Ki67 and α-SMA expression
At days 2 and 7 of culture, specimens were fixed in 4% paraformaldehyde overnight and processed as already described in a previous section with Ki67 (Mouse Anti-Rat Ki-67 Antigen, M7248, Dako; 1:100 in block buffer) or α-SMA (Mouse Monoclonal Anti-Actin α-Smooth Muscle, A2547, Sigma-Aldrich; 1:1000 in block buffer) as primary antibodies. Secondary antibody (Alexa Fluor 546, goat anti-mouse, A11003, Invitrogen, USA; 1:100 in block buffer) was used with green phalloidin for Ki67 immunostained samples (Alexa Fluor 488 phalloidin, A12379, Invitrogen, USA; 1:100 in block buffer). Samples were examined by confocal microscopy.

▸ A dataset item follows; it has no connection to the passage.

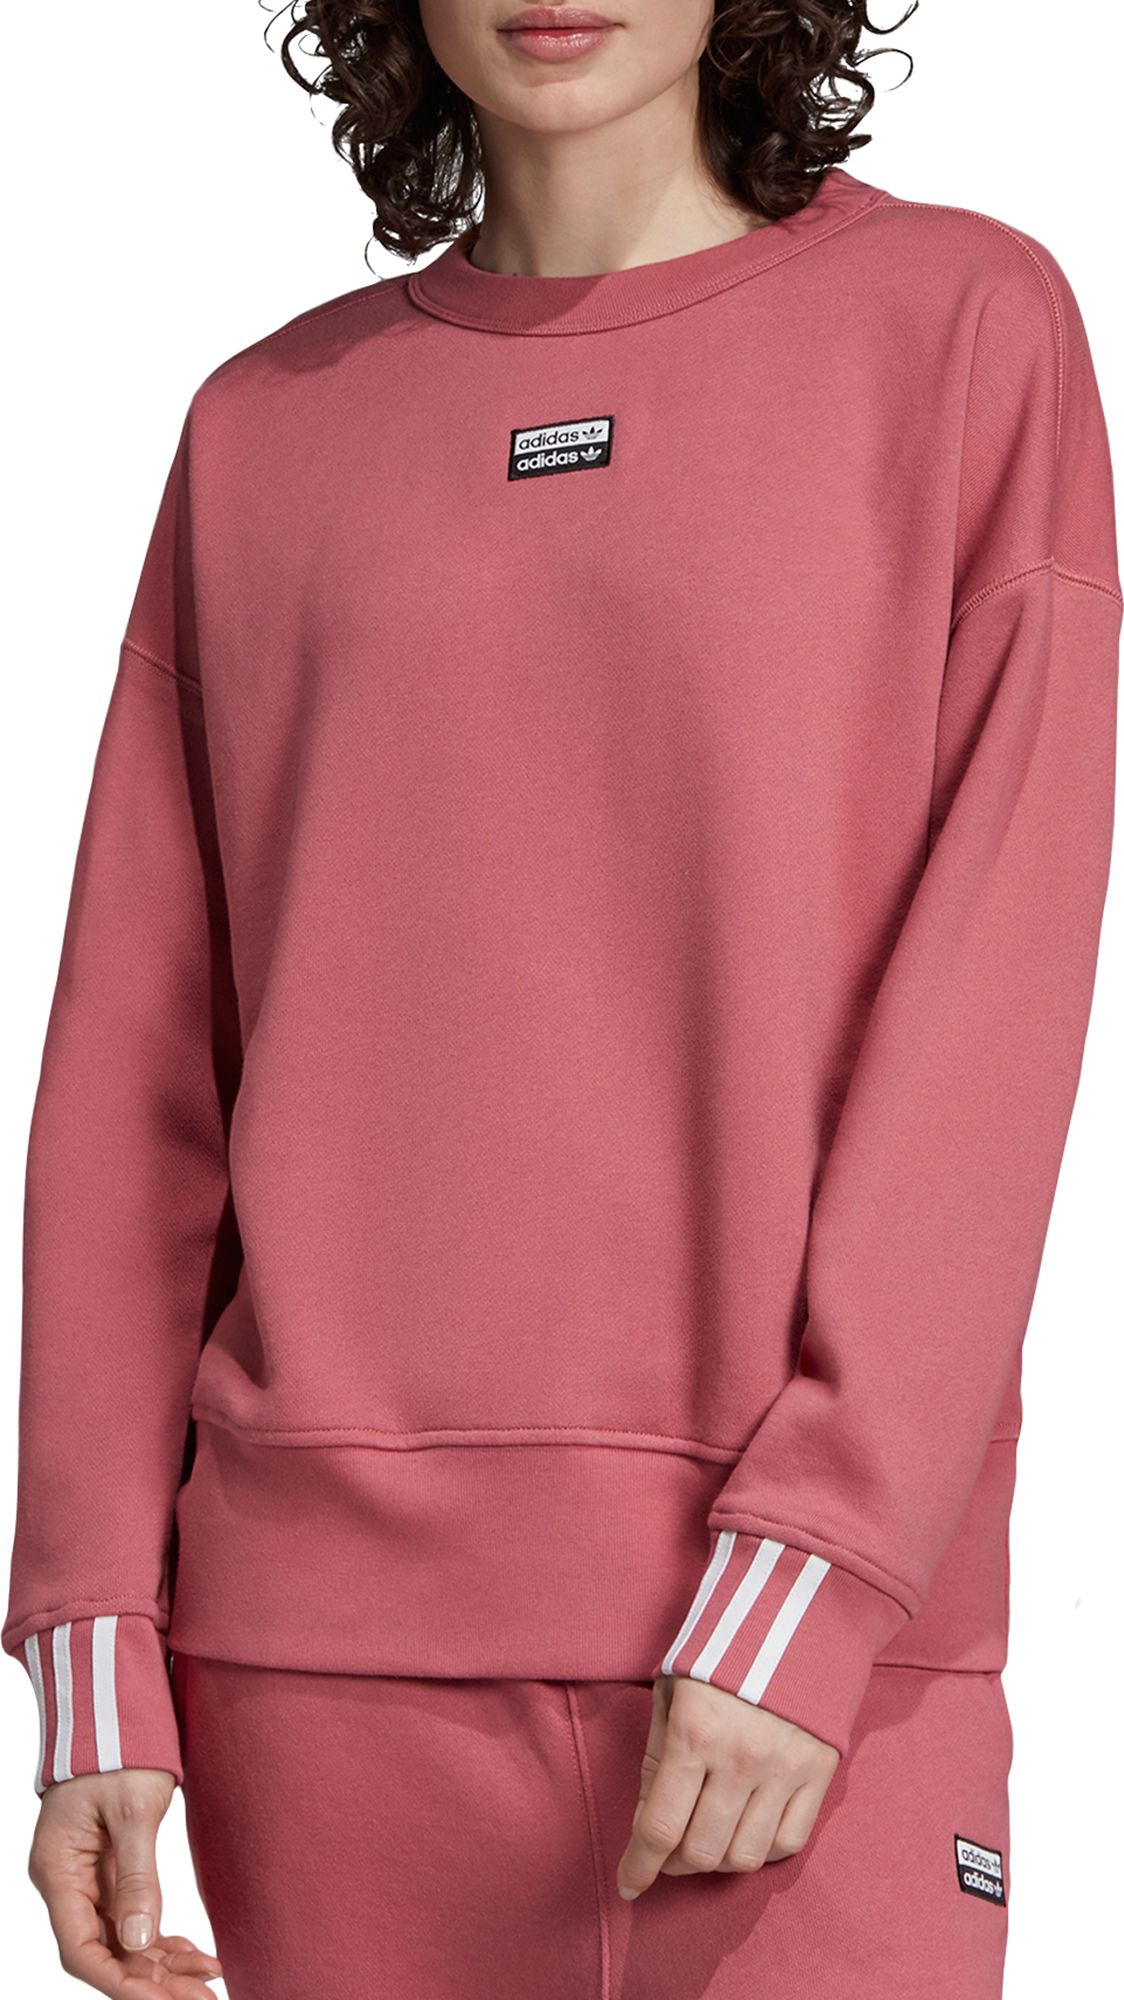 adidas originals crew neck logo sweatshirt

Scanning electron microscopy
Fixed specimens (2.5% glutaraldehyde, Agar Scientific, Stansted, United Kingdom) were washed with 0.1 M sodium cacodylate buffer (Agar Scientific) and postfixed in 1% osmium tetroxide (Sigma-Aldrich) in cacodylate buffer for 1 h; then washed in cacodylate buffer, dehydrated through a graded series of industrial methylated spirit (20%–60%) and ethanol (70%–100%), equilibrated in 100% ethanol and left to dry overnight. Specimens were mounted on stubs, gold sputtered coated (Agar Auto Sputter Coater, Agar Scientific) and observed (FEI Inspect F, Oxford Instruments, Oxford, United Kingdom).
Histology
Fixed specimens (4% paraformaldehyde) were embedded in paraffin. Four-micrometer sections were taken for hematoxylin and eosin staining and viewed under light microscopy (Zeiss Axiophot, Zeiss, Jena, Germany) with a DC200 Leica digital camera and IC50 software.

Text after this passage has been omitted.